«и сколько их рядом с устами!
Так одаряешь меня за мое плодородье, такую
Честь воздаешь — за то, что ранения острого плуга
И бороны я терплю, что круглый год я в работе.
И что скотине листву, плоды же — нежнейшую пищу —
Роду людскому даю, а вам приношу» — фимиамы?
Если, погибели я заслужила, то чем заслужили Воды ее или брат?» (Нептун) «Ему врученные роком,
Что ж убывают моря и от неба все дальше отходят?
Если жалостью ты ни ко мне, ни к брату не тронут,
К небу хоть милостив будь своему: взгляни ты на оба
Полюса — оба в дыму. А если огонь повредит их,
Рухнут и ваши дома. Атлант и тот в затрудненье,
Еле уже на плечах наклоненных держит он небо,
Если погибнут моря, и земля, и неба палаты,
В древний мы Хаос опять замешаемся.
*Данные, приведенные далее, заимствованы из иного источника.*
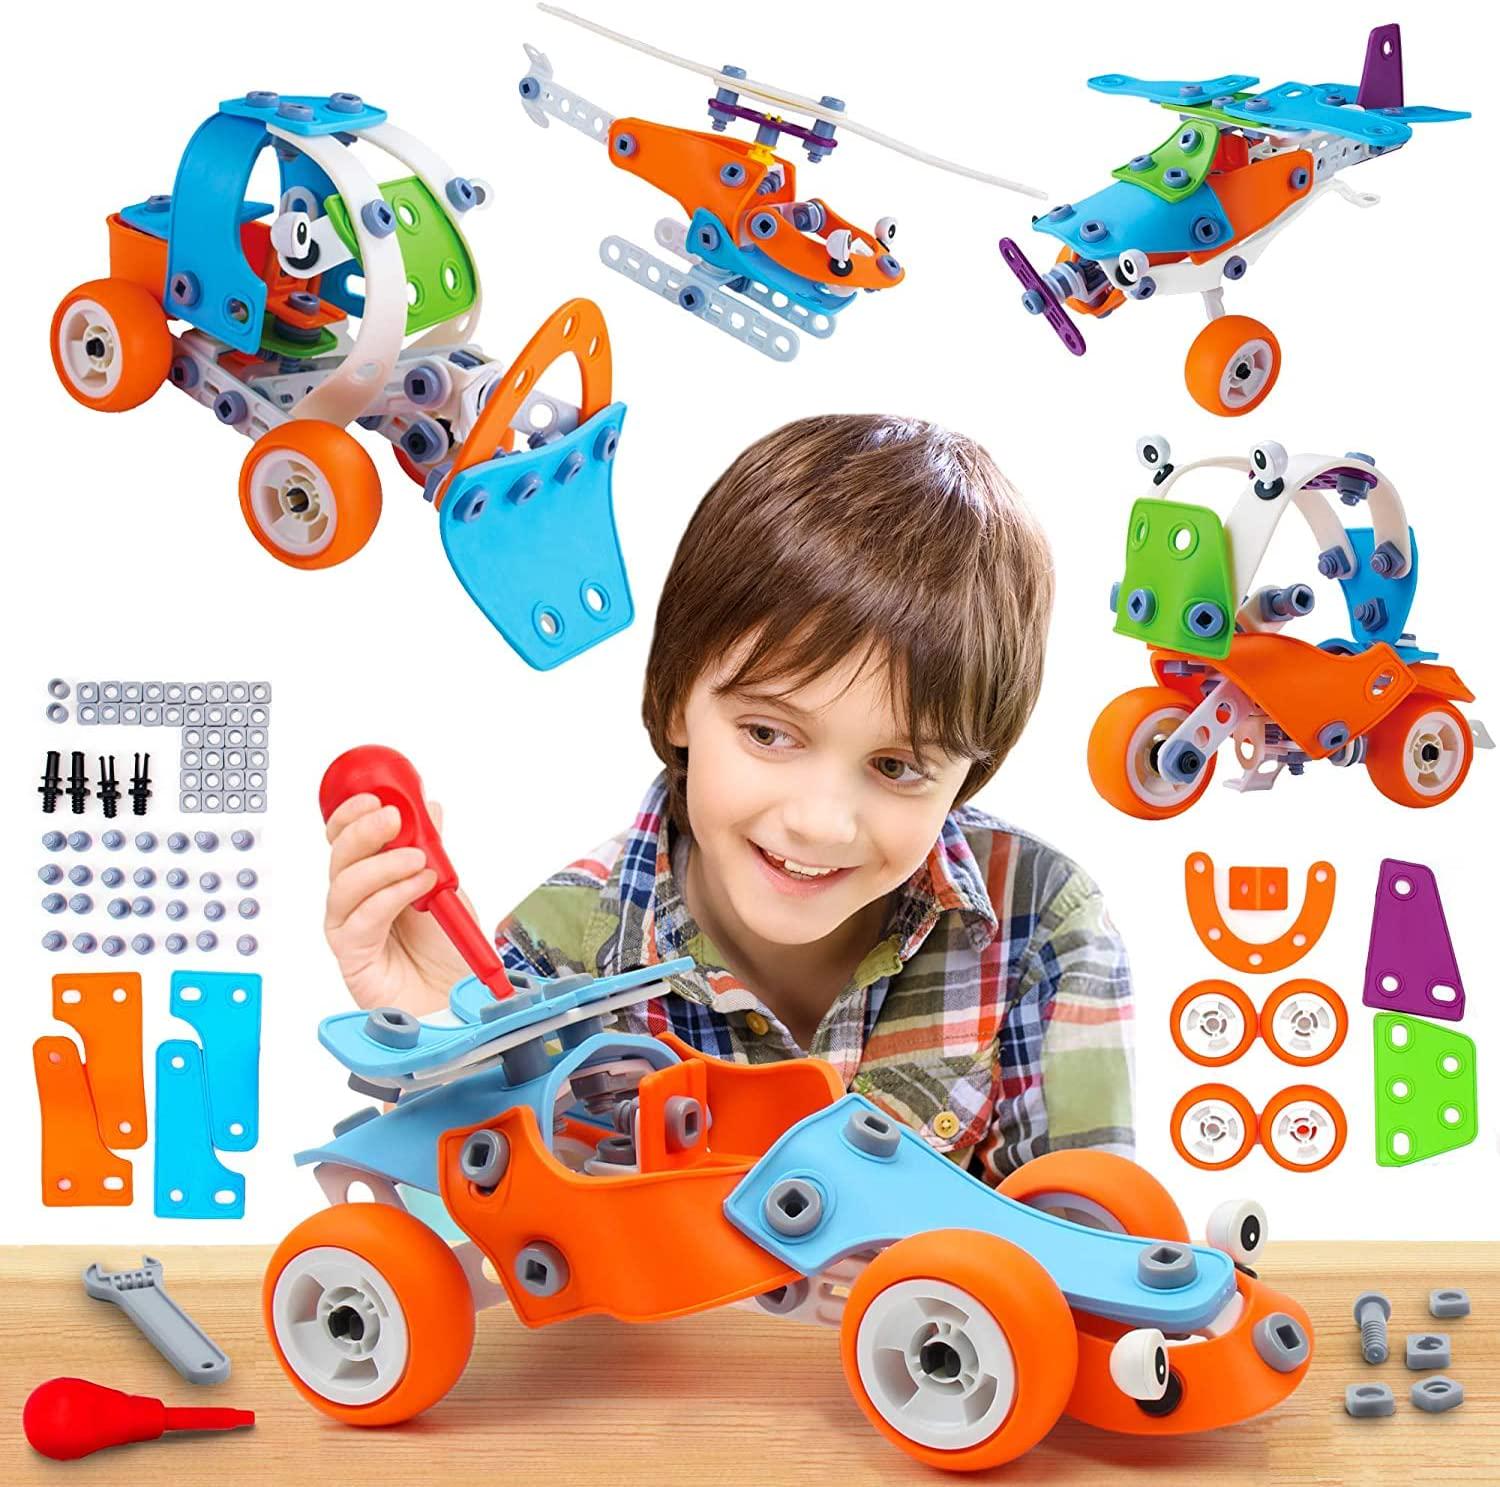 KIDSAVIA, KIDSAVIAÂ - STEM Learning Toys 5 in 1 Erector Set DIY Educational Construction Engineering Building Blocks Toys Kits for Kids Ages 6-12 for Boys and Girls Gift

То, что осталось,
Вырви, молю, из огня, позаботься о благе вселенной!»
Так сказала Земля; но уже выносить она жара
Дольше не в силах была, ни больше сказать, и втянула
Голову снова в себя, в глубины, ближайшие к манам.
А всемогущий отец, призвав во свидетели вышних
И самого, кто вручил колесницу, — что, если не будет
Помощи, все пропадет, — смущен, на вершину Олимпа
Всходит, откуда на ширь земную он тучи наводит,
И подвигает грома, и стремительно молнии мечет.
Но не имел он тогда облаков, чтоб на Землю навесть их,
Он не имел и дождей, которые пролил бы с неба.
Иначе говоря, когда огромный метеорит сверкал в воздухе и некоторое время после этого, жар был столь силен, что не позволял сформироваться облакам и выпасть дождю; облака могли сконденсироваться только с приходом холода.
Он возгремел, и перун, от правого пущенный уха,
Кинул в возницу, и вмиг у него колесницу и душу
Отнял зараз, укротив неистовым пламенем пламя.
В ужасе кони, прыжком в обратную сторону прянув,
Сбросили с шеи ярмо и вожжей раскидали обрывки.
Здесь лежат удила, а здесь, оторвавшись от дышла,
Ось, а в другой стороне — колес разбившихся спицы;
Разметены широко колесницы раздробленной части.
А Фаэтон, чьи огонь похищает златистые кудри,
В бездну стремится и, путь по воздуху длинный свершая,
Мчится, подобно тому, как звезда из прозрачного неба
Падает или, верней, упадающей может казаться.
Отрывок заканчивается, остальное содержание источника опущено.